The MC Investigations Agency, which introduced its "anti-stalking" service nine months ago, claims it has dealt with four cases non-aggressively, by showing the offender how it feels to be stalked.

"It's a psychologically based technique in that stalkers like to feel they are in the driving seat. We try to reverse the roles so that the victim feels they're taking back control," said "Mark", head of the agency.

Speaking to The Independent as controversy raged over the legal difficulties that led to the acquittal on Tuesday of a south London man who had been accused of stalking a female restaurant manager, Mark said the first step was to get as much information as possible about the stalker. This can be easy if the stalker is known to the victim, but can entail more time- consuming methods like call tracing and fingerprinting.

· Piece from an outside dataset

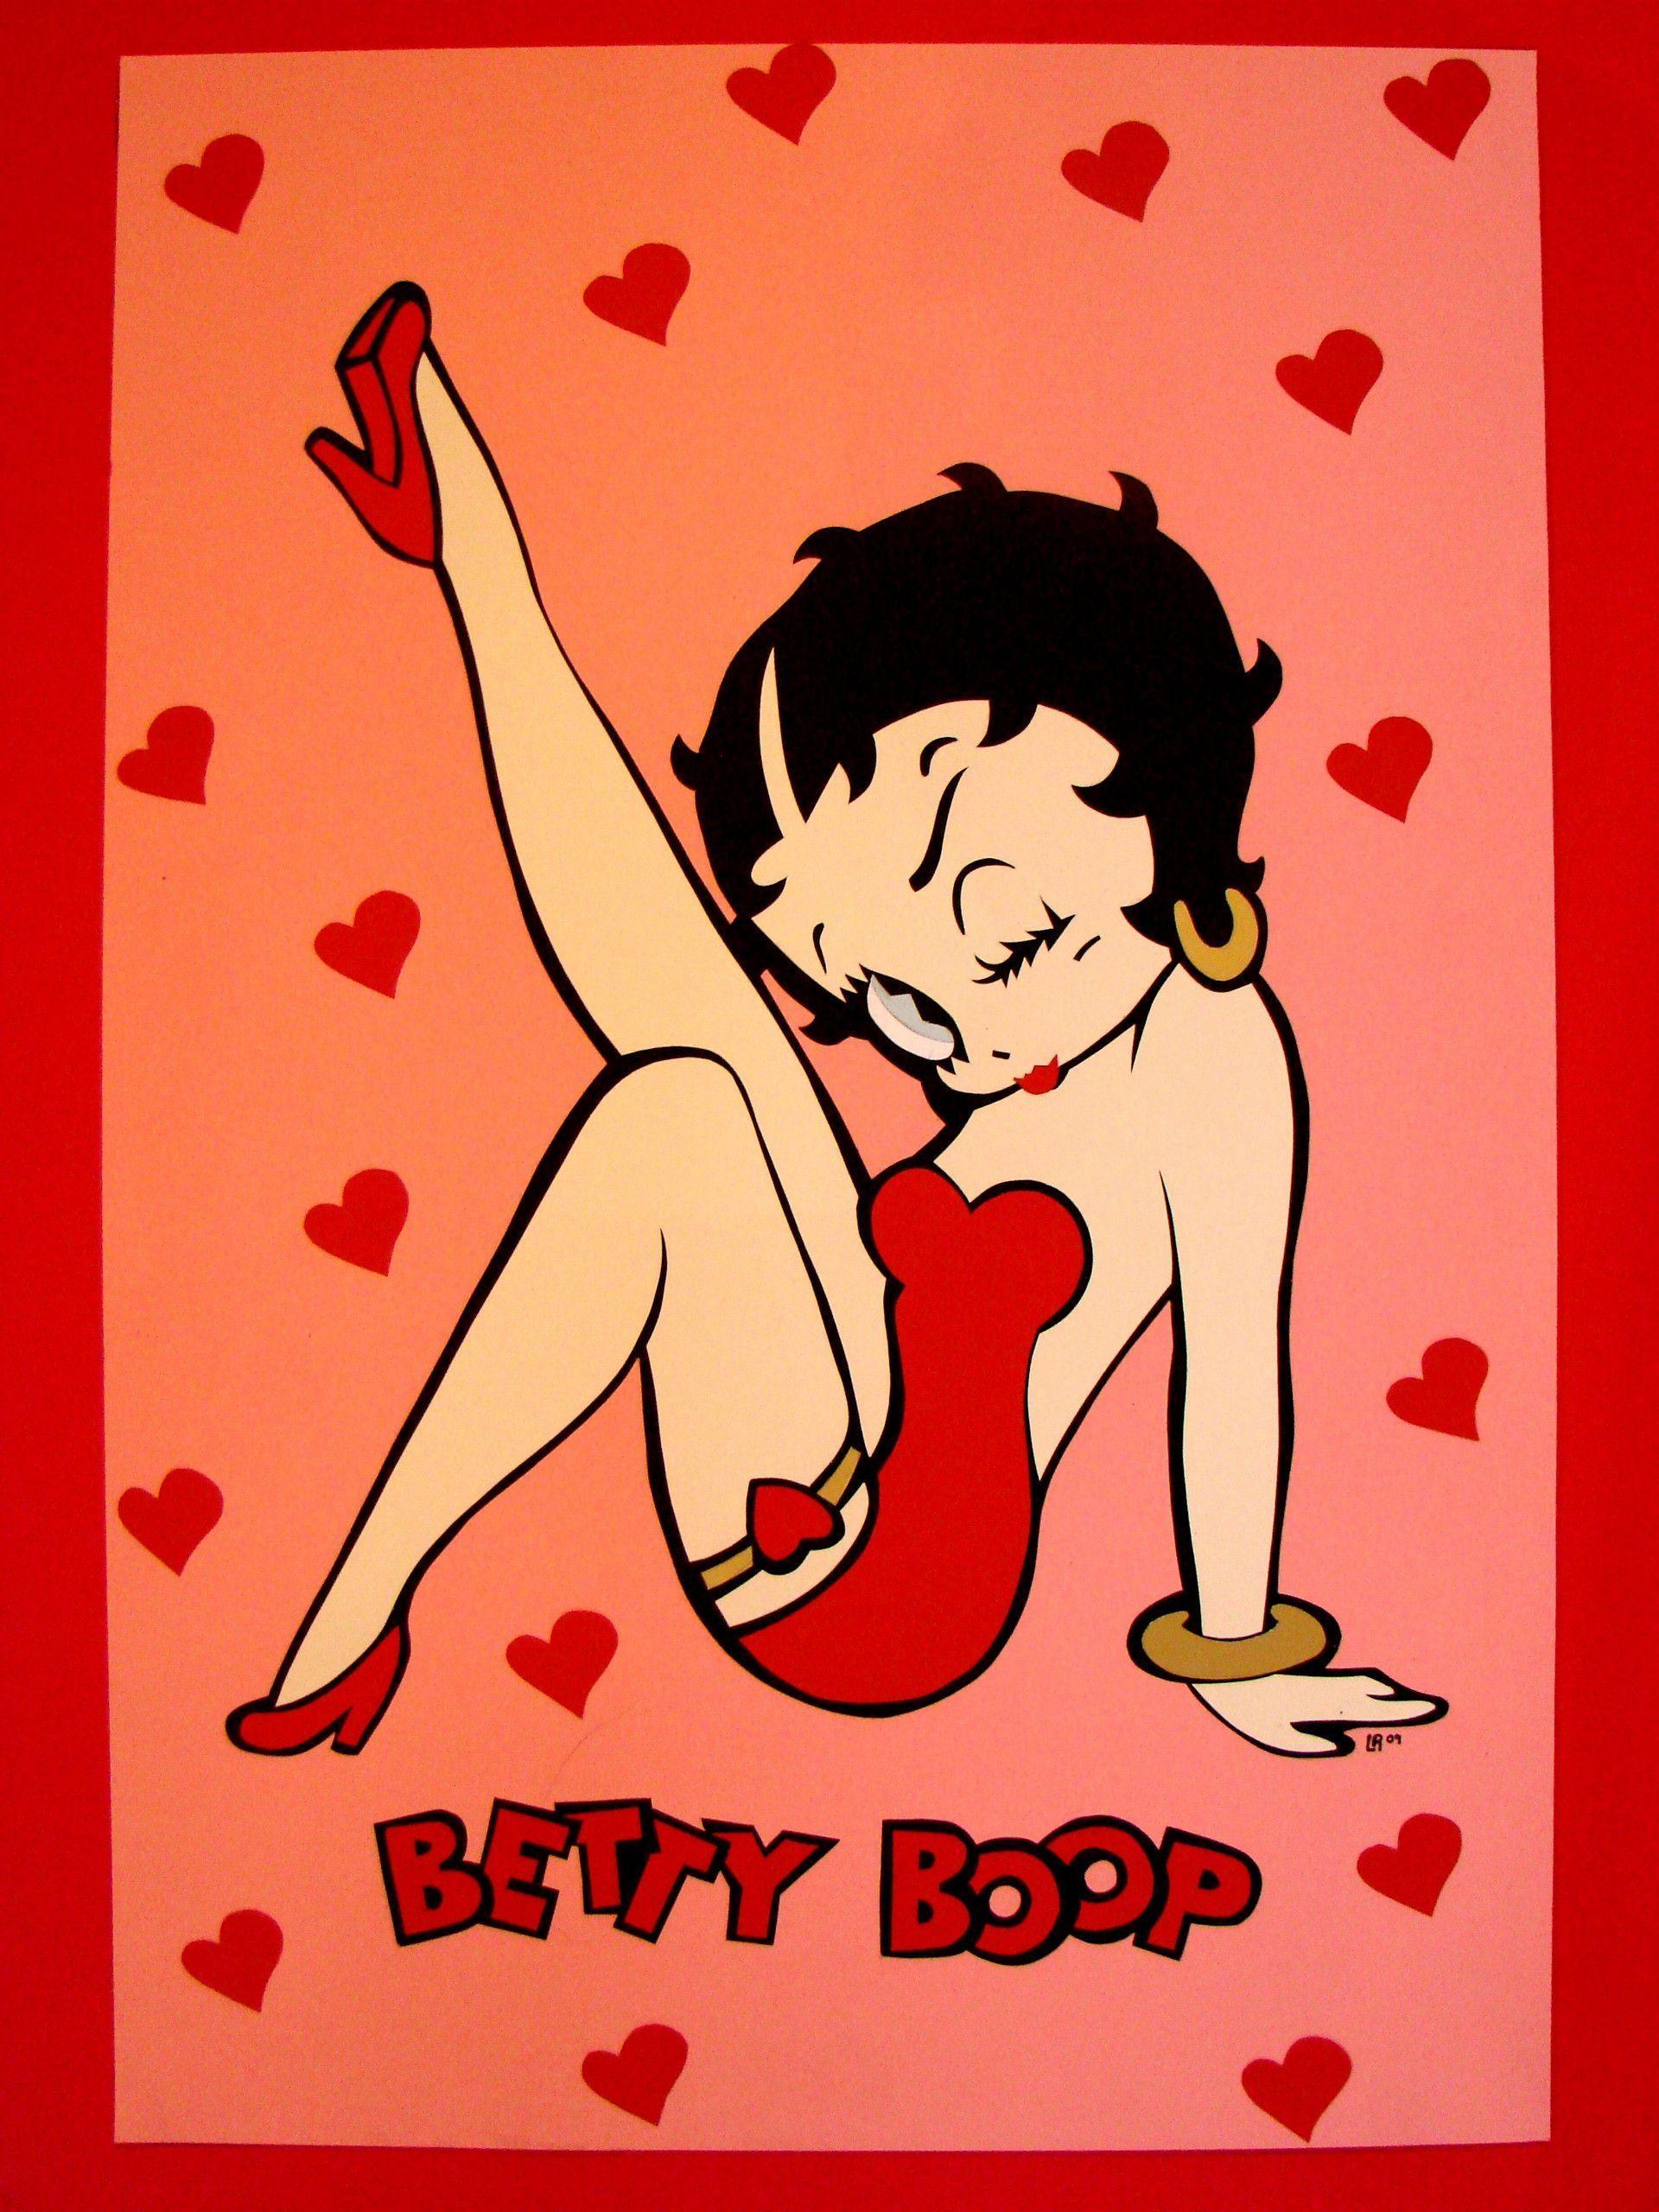 Fine 100% Quality HD Pics of Betty Boop, Full HD 1080p Desktop Pics

He gave the example of a recent case - a "classic" scenario of the bullied woman, whose partner couldn't let go. "He would watch her and ring her 30 times a day, he would come round and try to gain access to the house and threaten her when she refused," he said. As with many cases, he said, the police could only do so much because of the difficulty in proving psychological harm. "And in many cases the woman feels she's to blame and she sits back and takes it all," he said.

The key, he said, was to find "the chink in the stalker's armour" - in this case he was a foreign national who needed a visa to stay in the country. "After we had done our background work, we snapped various time-dated photographs of him and sent them to him. After a while I rang him up and told him that I'd been hired by someone known to this girl and that we understood he wanted to stay, in which case he was going to have to stop."

At first, he said, the stalker was "a bit cocky", so they sent more photographs and began tailing him. "He stopped immediately. He knew we were following him and he didn't like it," he said. "He told people that someone was trying to ruin his life and that he had never wanted to do her any harm."

The agency believes it is the element of surprise that is effective, as it transfers the feeling of control from stalker to victim. "We've never had an aggressive reaction. But you've got to know the person you're dealing with," Mark said. "You can't rush into it because you wouldn't want to take actions that resulted in harm to the client. It's a non-aggressive method. If we felt there was any danger at all we would call the police as well."

In this case, the woman has not heard from her stalker in five months. Freedom cost her pounds 500 - a relatively cheap price for a relatively simple case.

What was needed, however, was a change in the law, Mark said. "The UK is still so far behind the US in its treatment of stalkers, as [Tuesday's] case shows. This girl has a right to privacy, but what now can the police do?"